• [Required work] Retype the listing exactly as it stands, and keep every image out.

(Dataset excerpt Opens)

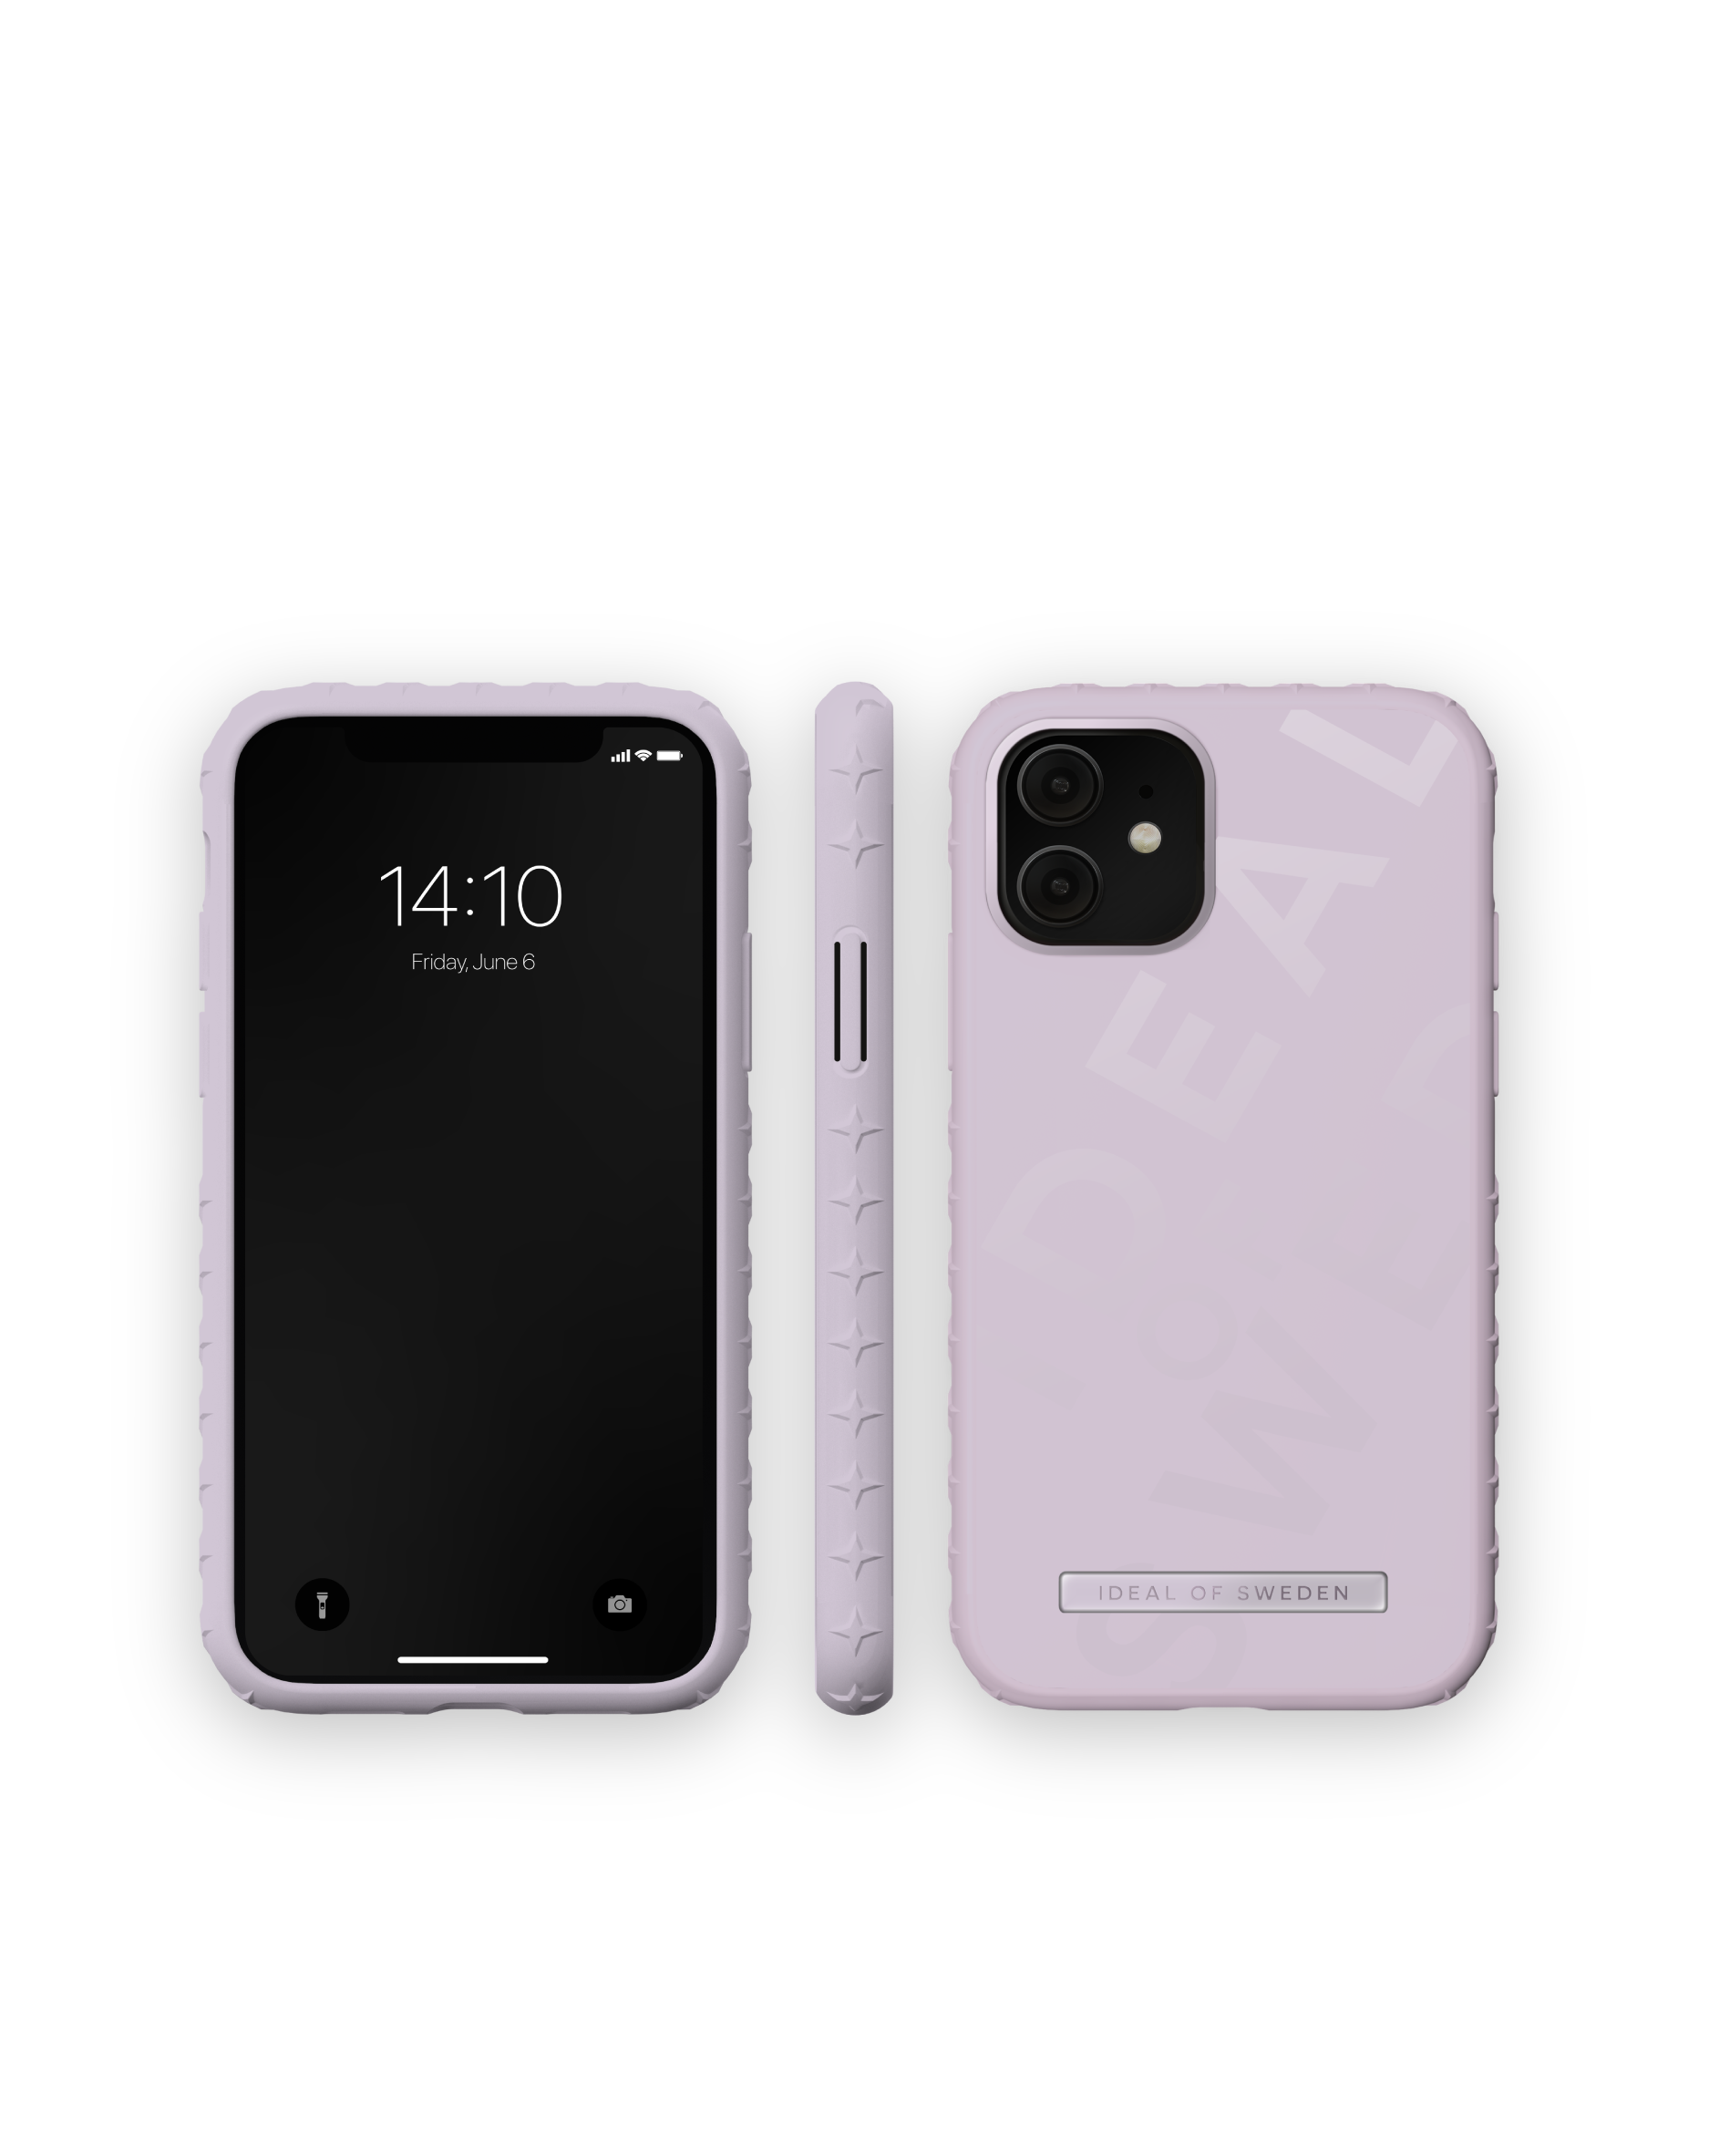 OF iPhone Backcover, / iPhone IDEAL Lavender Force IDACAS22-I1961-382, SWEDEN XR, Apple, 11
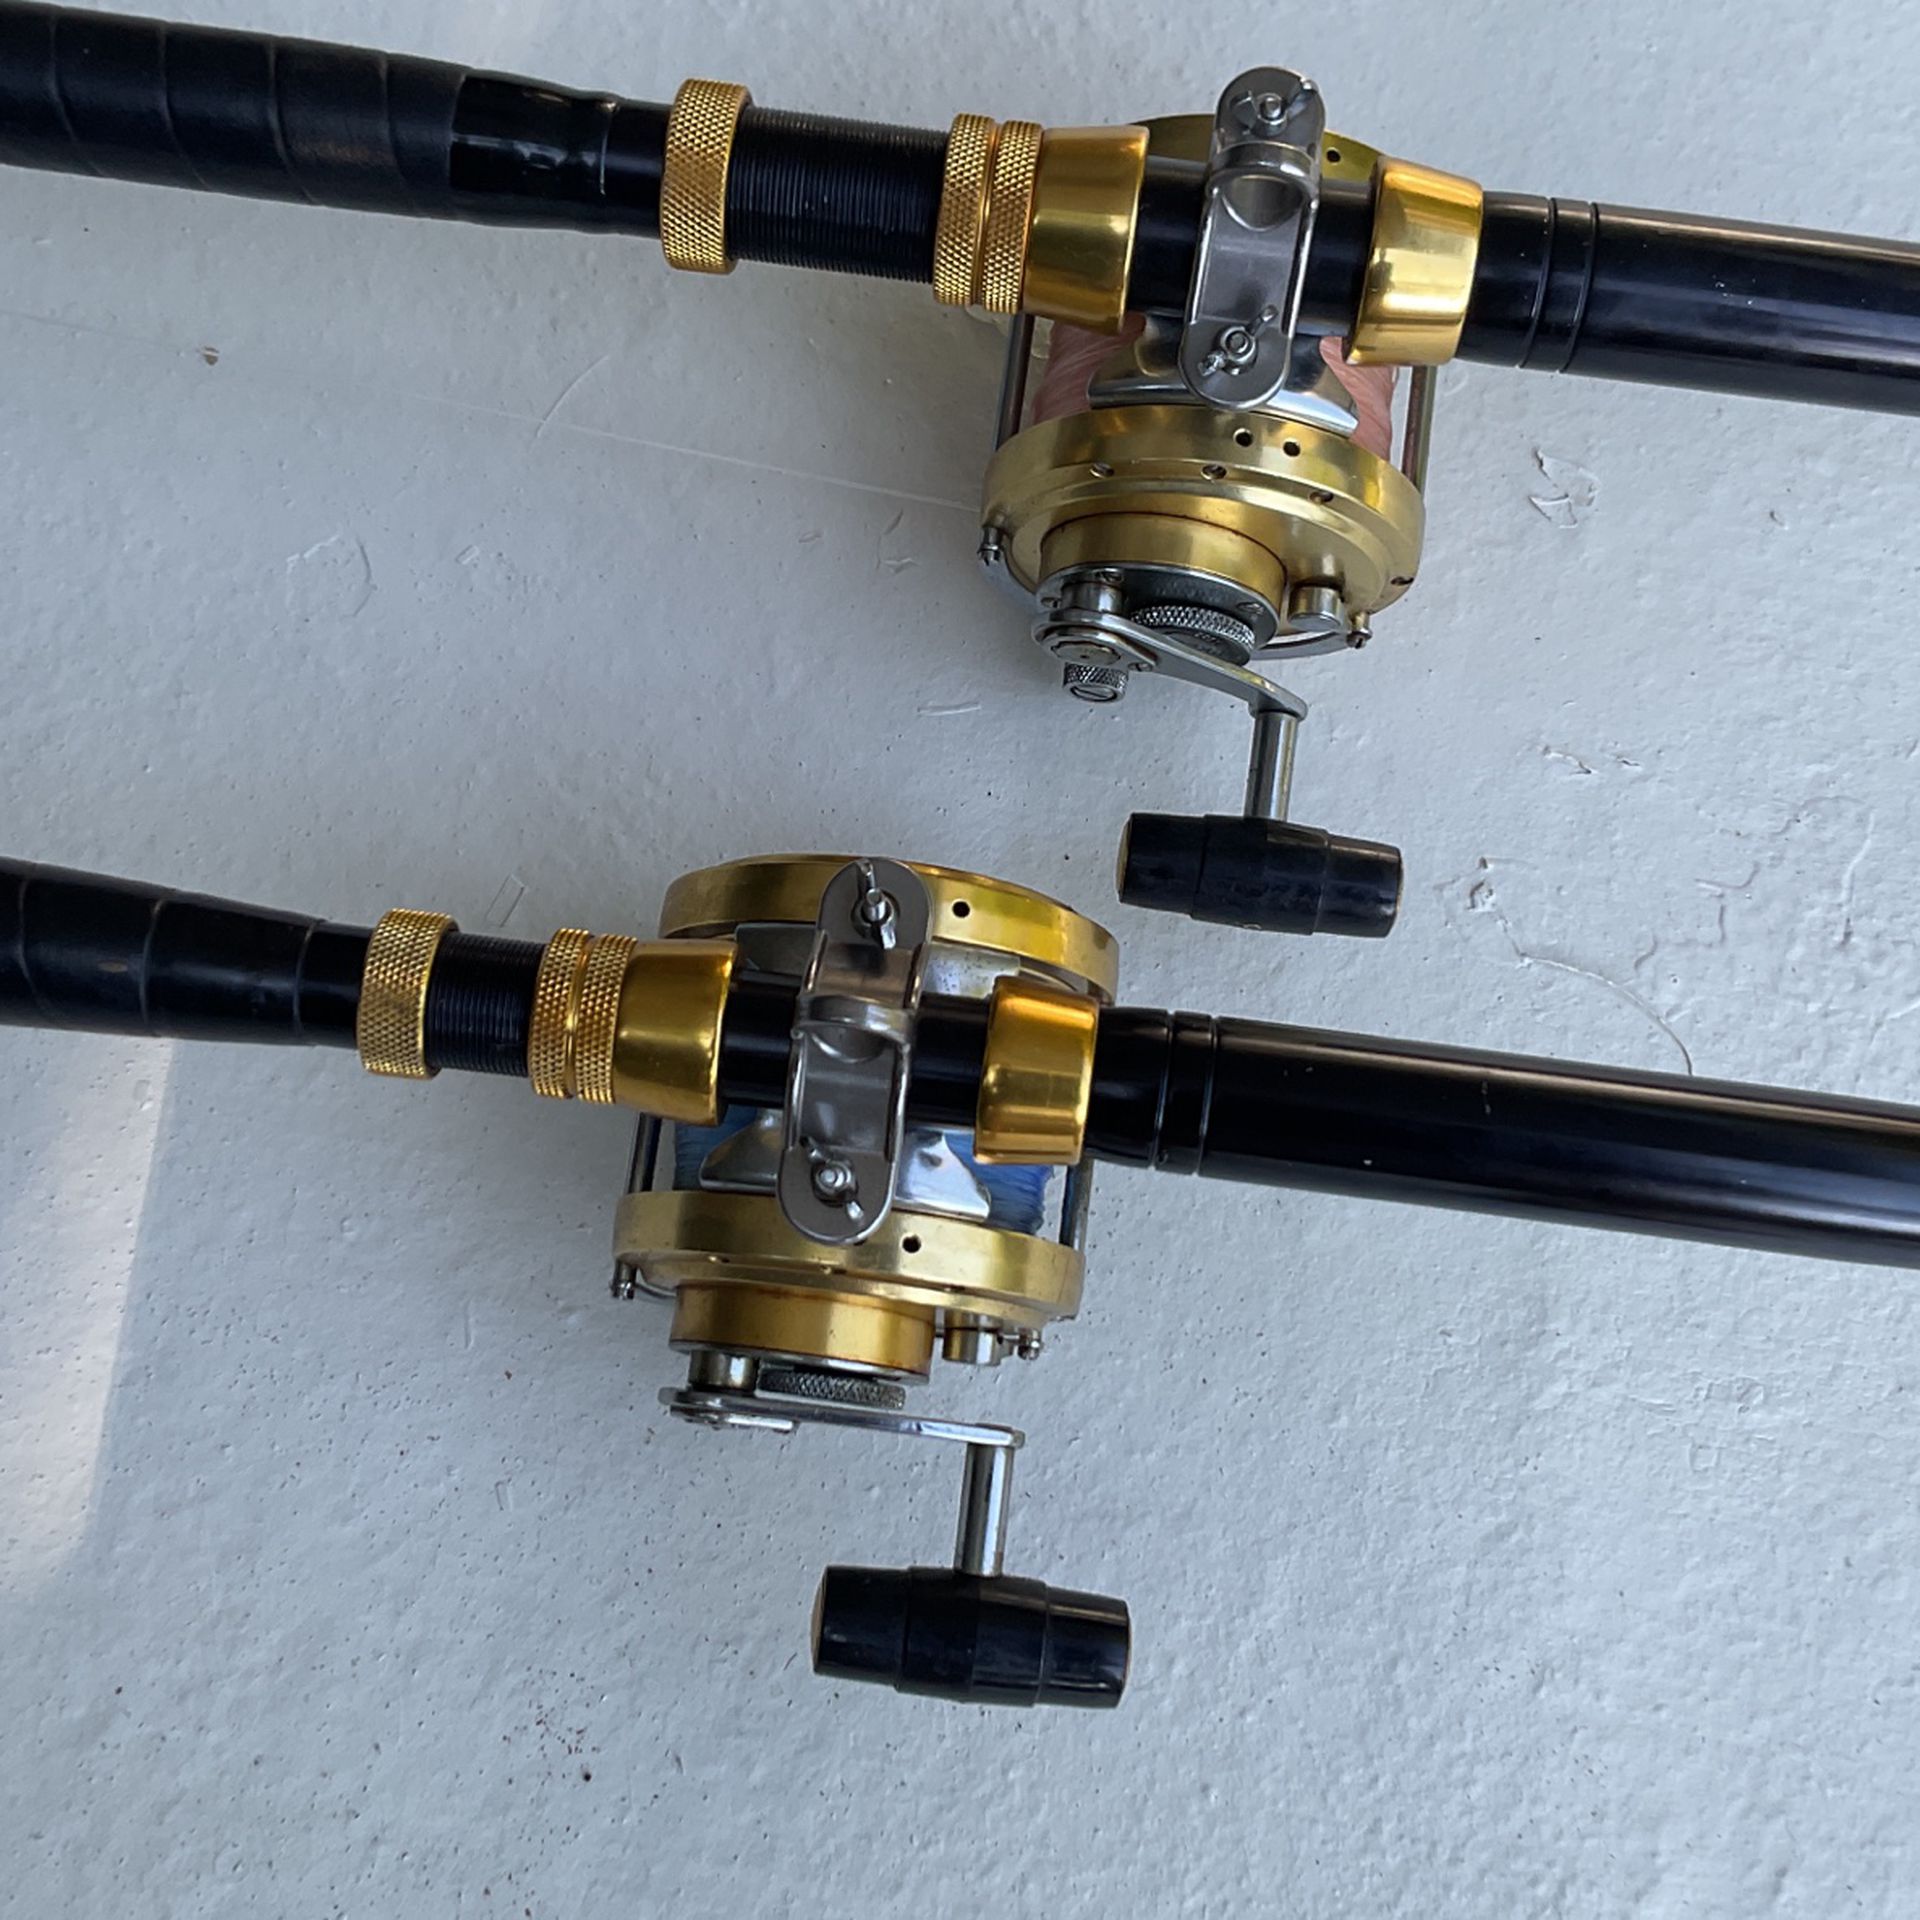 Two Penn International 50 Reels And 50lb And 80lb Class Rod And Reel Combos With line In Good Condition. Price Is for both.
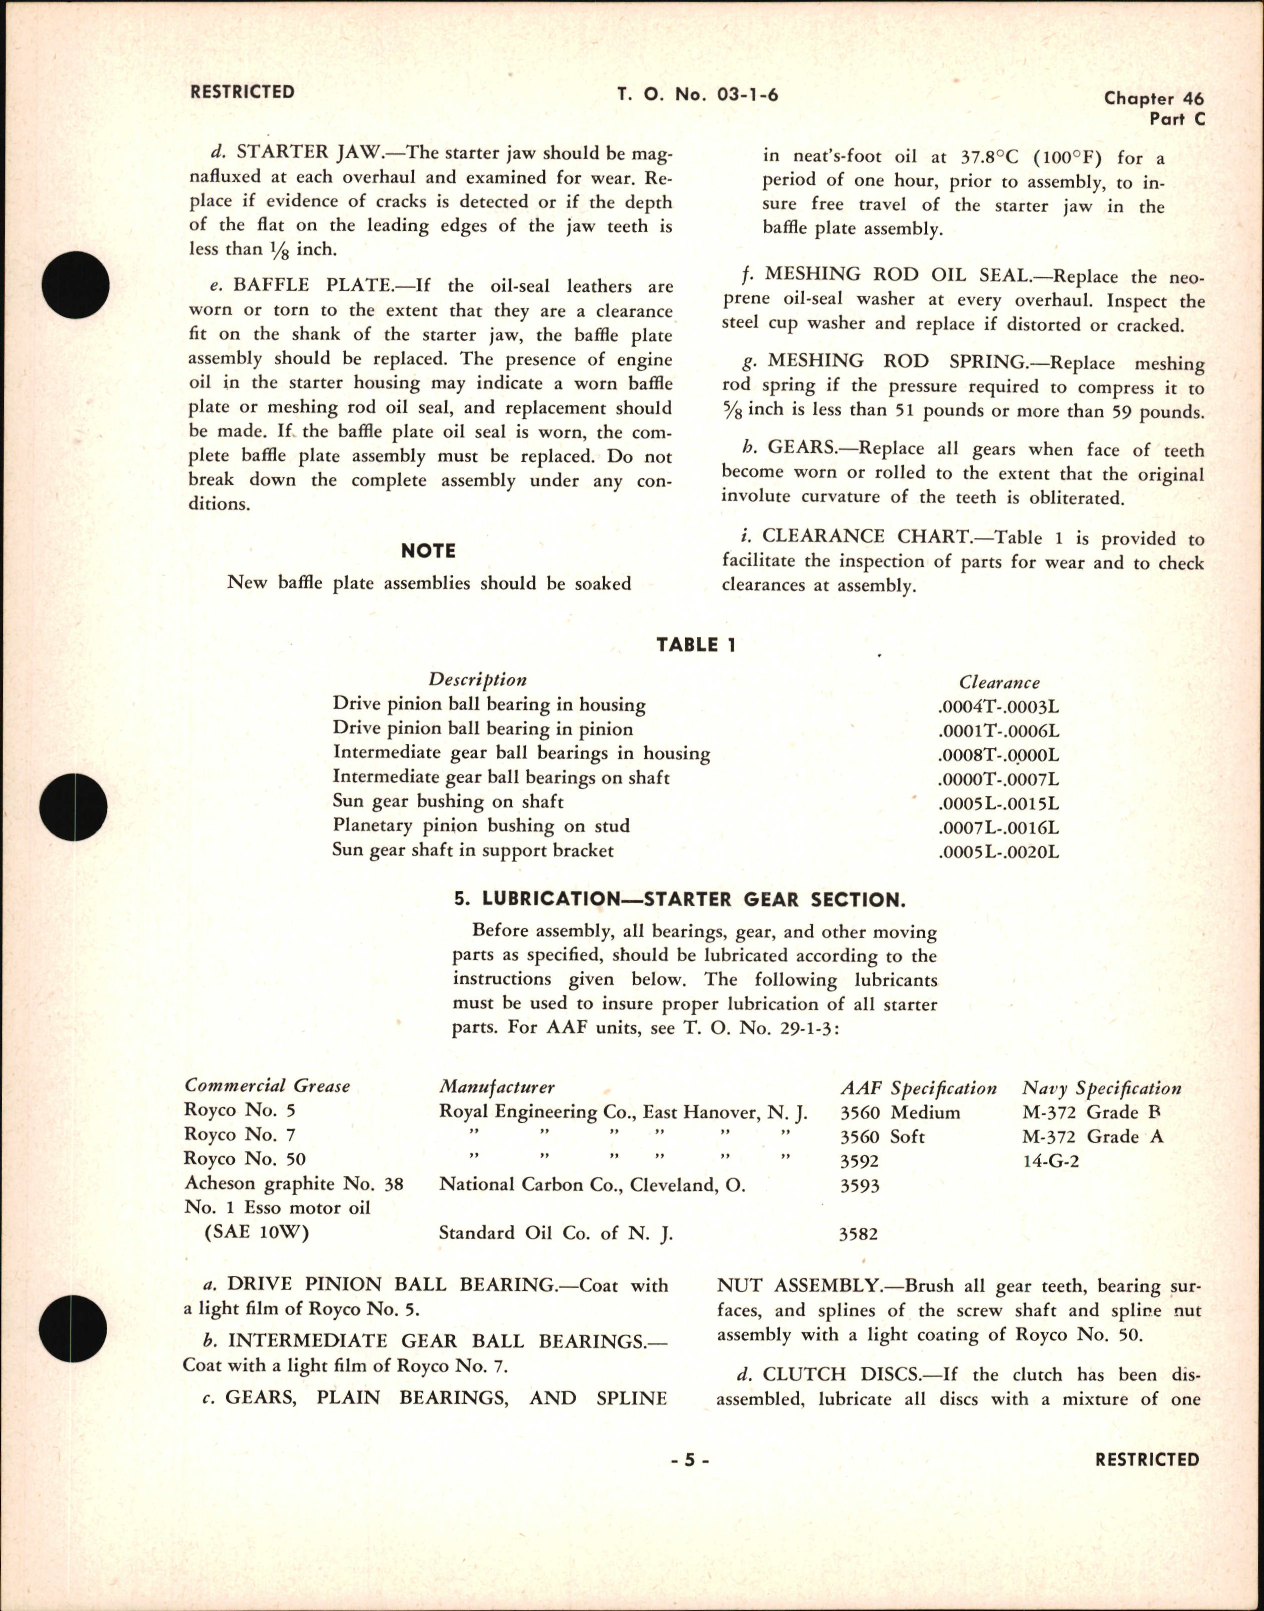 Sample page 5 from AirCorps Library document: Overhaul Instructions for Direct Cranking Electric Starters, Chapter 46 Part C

(Dataset excerpt Closes)

• [Exercise result]
 OF iPhone Backcover, / iPhone IDEAL Lavender Force IDACAS22-I1961-382, SWEDEN XR, Apple, 11
 Two Penn International 50 Reels And 50lb And 80lb Class Rod And Reel Combos With line In Good Condition. Price Is for both.
 Sample page 5 from AirCorps Library document: Overhaul Instructions for Direct Cranking Electric Starters, Chapter 46 Part C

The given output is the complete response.